Federal Government Awards Billions in No-Bid COVID PPE Contracts, Often to Politically Connected Companies
In June 2020, NPR analysis revealed that the federal government had awarded over 250 COVID-19 related contracts worth more than $1 million each without full competitive bidding, totaling billions of dollars in federal spending. Many contracts went to companies with no experience in medical equipment, some with direct political connections to the Trump administration. The contracts included widespread price gouging (markups of 50-1,300%), defective equipment, and outright fraud, exposing how public health emergencies become profit opportunities for politically connected contractors while regulatory oversight collapses.

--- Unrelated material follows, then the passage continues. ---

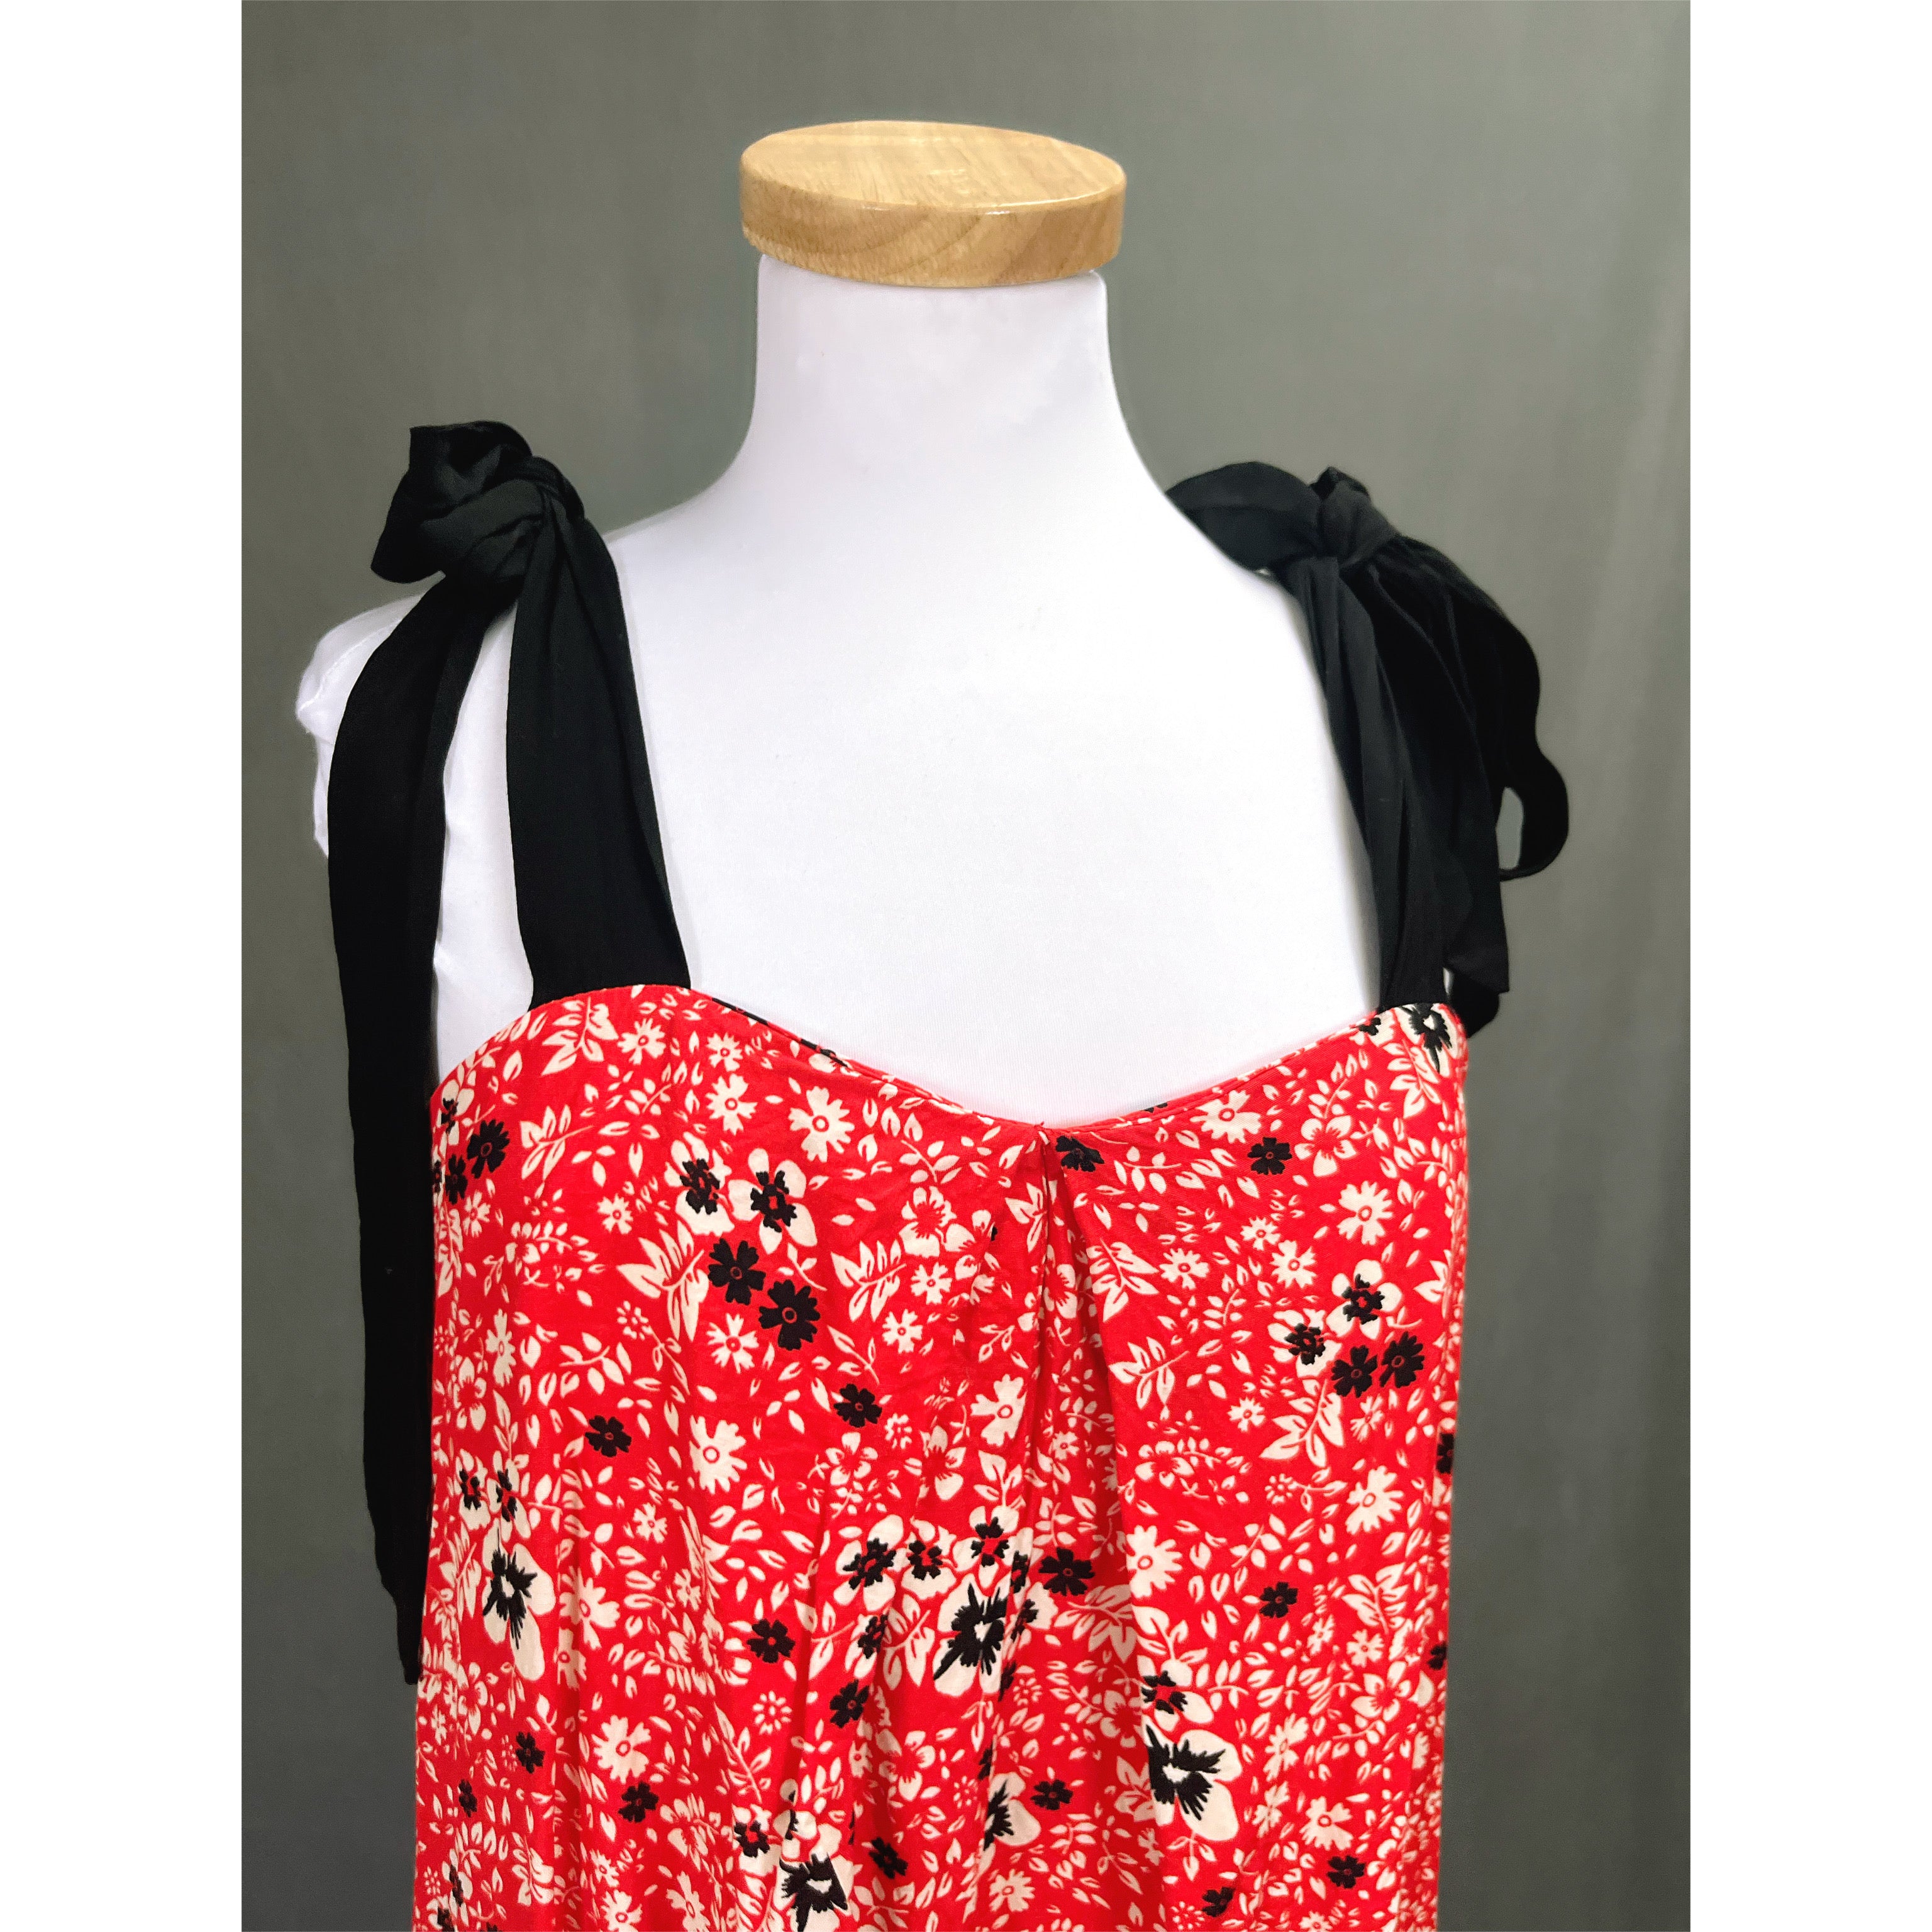 Free People red floral jumpsuit, size XS

No-Bid Contract Epidemic: Billions Without Competition
NPR’s investigation identified systematic bypassing of competitive procurement processes:
Scale of Non-Competitive Contracting:
- 250+ contracts worth over $1 million awarded without full competitive bidding
- Billions of dollars in federal spending through emergency procurement waivers
- Contracts awarded within days or weeks, bypassing normal vetting processes
- Emergency authorities invoked to justify avoiding standard oversight
Justification: Federal agencies claimed emergency conditions required rapid procurement, but:
- Many contracts went to companies with no relevant experience or equipment
- Political connections appeared more important than capability or expertise
- No evidence rapid procurement improved supply or reduced shortages
- Competitive bidding could have occurred within reasonable emergency timeframes
Notable Examples: Political Connections and Inexperience
Several high-profile contracts exemplified the pattern of political favoritism and contractor incompetence:
Federal Government Experts LLC: $34.5 Million for Nothing
The Contract:
- Awarded $34.5 million no-bid contract for medical supplies
- Company had no prior experience selling medical equipment
- No website, minimal business history, newly formed LLC
- Contract later canceled after company failed to deliver supplies
Outcome:
- Company never delivered contracted PPE
- Federal government eventually recovered funds after cancellation
- No criminal charges filed despite apparent fraud
Zach Fuentes LLC: Former Trump Deputy Chief of Staff
The Connection:
- Zach Fuentes served as President Trump’s deputy chief of staff
- Left White House, formed LLC, immediately won $3 million federal contract
- Contract for respirator masks to the Navajo Nation
The Problems:
- No prior experience in medical equipment or supply chain
- Contract awarded based on political connections, not expertise
- Represented clear conflict of interest and potential corruption
- Congressional investigators flagged as “suspicious”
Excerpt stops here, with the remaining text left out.